July 7, 2021
Improving AI road sign recognition
Technology adds new safety features to every generation of road vehicle—seatbelts, airbags, parking sensors, and in work published in the International Journal of Vehicle Safety, the possibility of an in-vehicle road sign recognition system is discussed. Researchers from the University of Monastir, Monastir, Tunisia, have turned to an algorithm known as an edited shuffled leapfrog algorithm to carry out the recognition task.
There are dozens of algorithms based on biological phenomena, such as swarming and foraging. The natural algorithms used by honeybees, for instance, can be modeled in a computer to solve complex, non-linear problems, such as plotting the shortest route on a map to take into account all the essential stops. Similarly, a novel trial-and-error (meta-heuristic) algorithm that models the behavior of frogs searching for food can be used to solve other problems.

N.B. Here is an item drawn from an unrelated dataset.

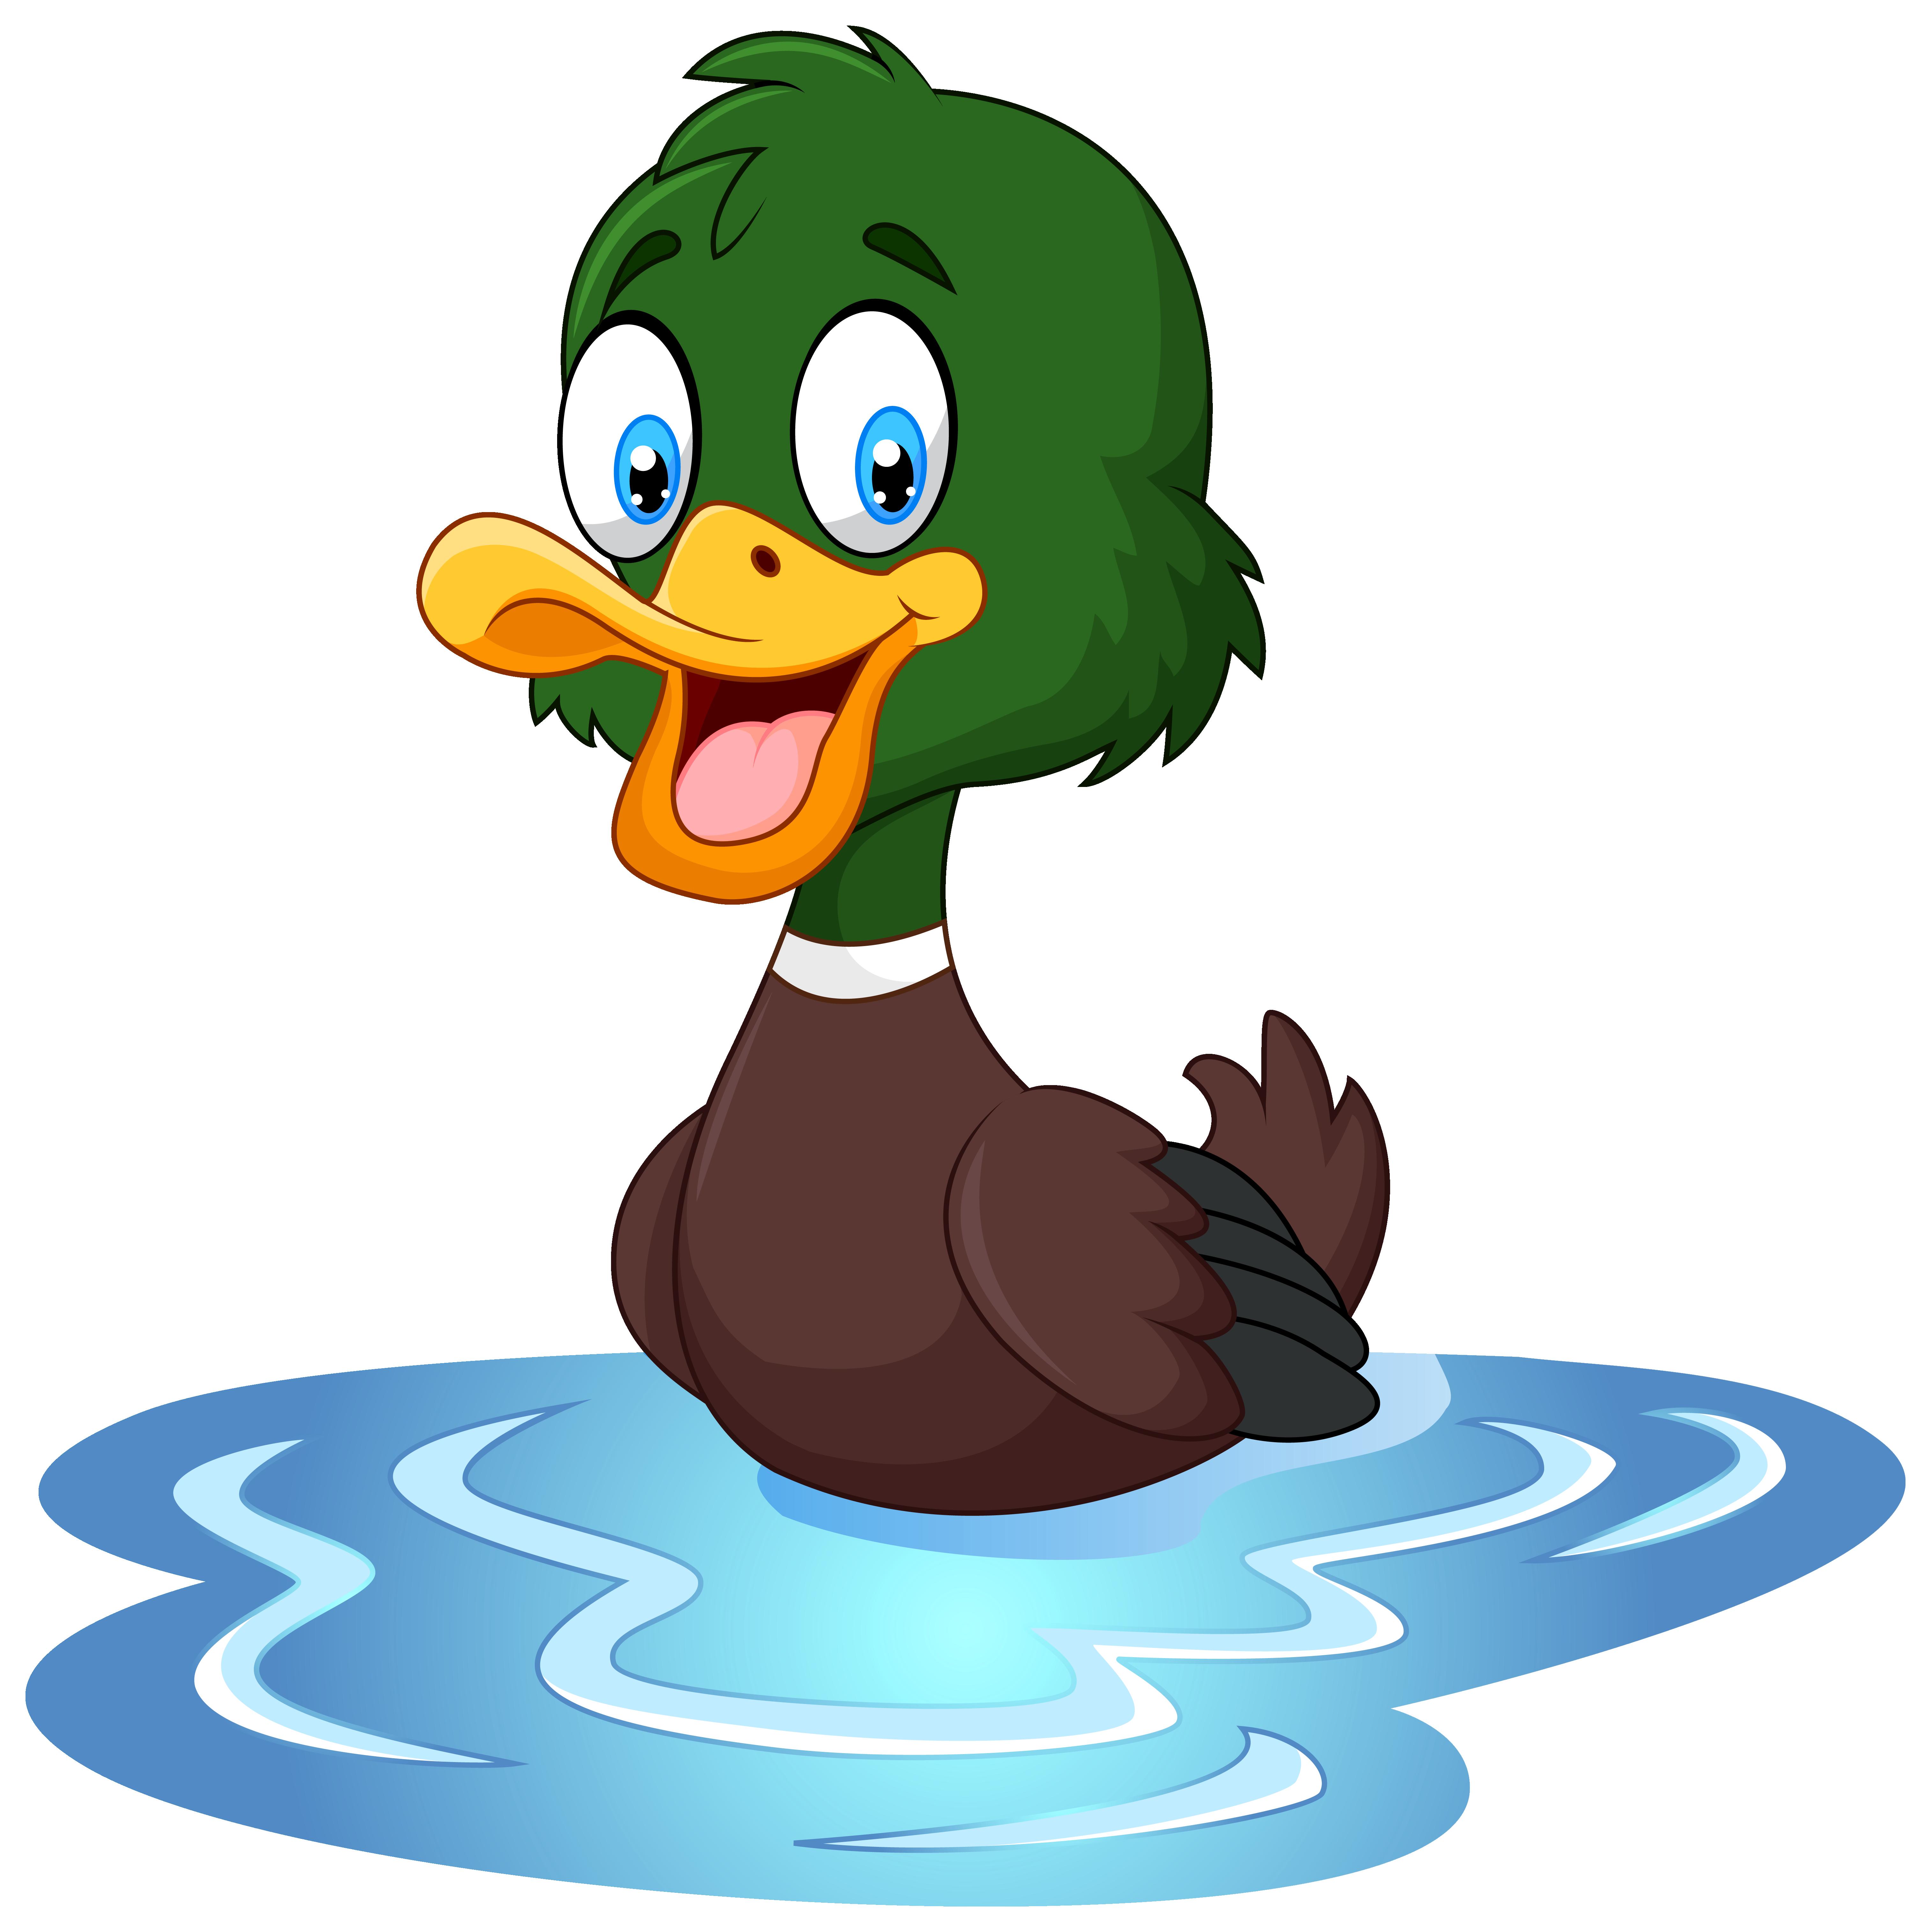 Cute winter duck clipart clip black and white download Free Duck Clipart, Download Free Clip Art, Free Clip Art on ... clip black and white download

Ameur Zaibi of the Laboratory of Automation, Electrical Systems and Environment (LAESE) and colleagues have developed Edited Shuffled Frogs Leaping Algorithm (ESFLA) to optimize the analysis of images of road signs and to correlate the output of the trained algorithm with an internal listing of the road signs a driver may encounter. The system can recognize signs with high accuracy regardless of viewing angle, light conditions, and even partial obstructions. Indeed, the team reports a detection rate of almost 97 percent compared with previous techniques developed by other researchers which have achieved between 91 and 96 percent.
If incorporated into the vehicle's computer system, the algorithm could be used to alert the driver to road signs in a timely manner and perhaps quicker than they would see them themselves. The system could improve safety for all drivers, but would also be of great assistance to drivers on unfamiliar or foreign roads.